THE main feature of the second full three-concert day of the West Cork Chamber Music Festival was the premiere by the Chilingirian…

THE main feature of the second full three-concert day of the West Cork Chamber Music Festival was the premiere by the Chilingirian Quartet of the specially-commissioned Diodia by John Tavener. The title of this, the composer's third string quartet, comes from the Greek and refers to the toll houses "for the testing of souls as they pass through the space of the air in the layers of the under-heaven".

The work is constructed like a sequence of meditative stations, with material simple and plaintively haunting, in Tavener's familiar manner - discoursed at a succession of higher pitches before journeying back to its starting level. The progress is not always smooth. There are episodes of agitation and discordance, passages dominated by spare-sounding harmonics, others given over to lusher chordal movement.

It is a journey, says the composer, "that passes through incidents but leads nowhere, because we do not know the judgment of God". The actual close, however, is, in Tavener's quiet way, quite a Coup de theatre the viola-player sings "Remember me" as the other players hum. The charge communicated to the audience was palpable.
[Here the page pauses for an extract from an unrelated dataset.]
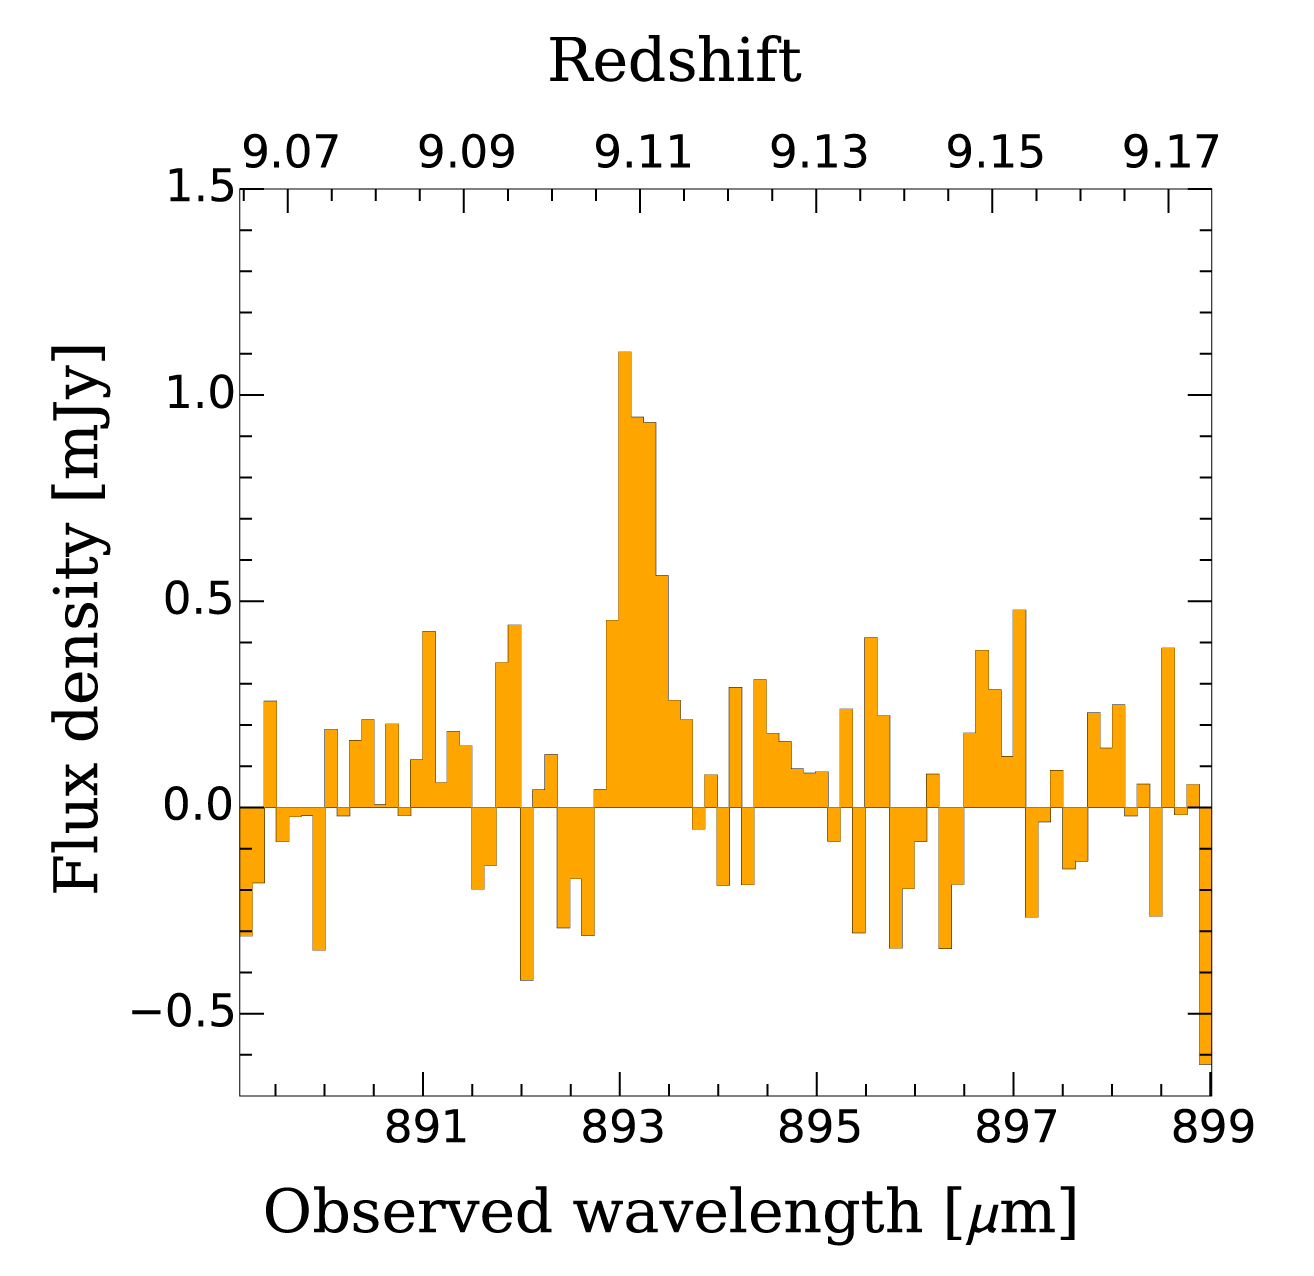 <p>Espectro de microondas de iones de oxígeno en MACS1149-JD1 detectados por ALMA. Originalmente era luz infrarroja a una longitud de onda de 88 micrómetros, y ALMA la detectó como microondas con de 893 micrómetros de longitud debido al efecto de la expansión del Universo. Créditos:  Hashimoto et al. - ALMA (ESO/NAOJ/NRAO)</p>

Highly-charged, too, was baritone Stephan Genz's late-night performance of Schubert's Winterreise, the wintry associations proving to have an aptness not normally to be expected on July 1st. Genz, who's still in his mid-twenties, has a gorgeous ease of delivery, a wideness of resource that enables the right mood, the right inflection simply to materialise; in short, a singer with the art which conceals art. His pianist, Rudolf Jansen, was less reserved, pushing and poking at the piano part with results which made Schubert sound at times like an inferior Hugo Wolf.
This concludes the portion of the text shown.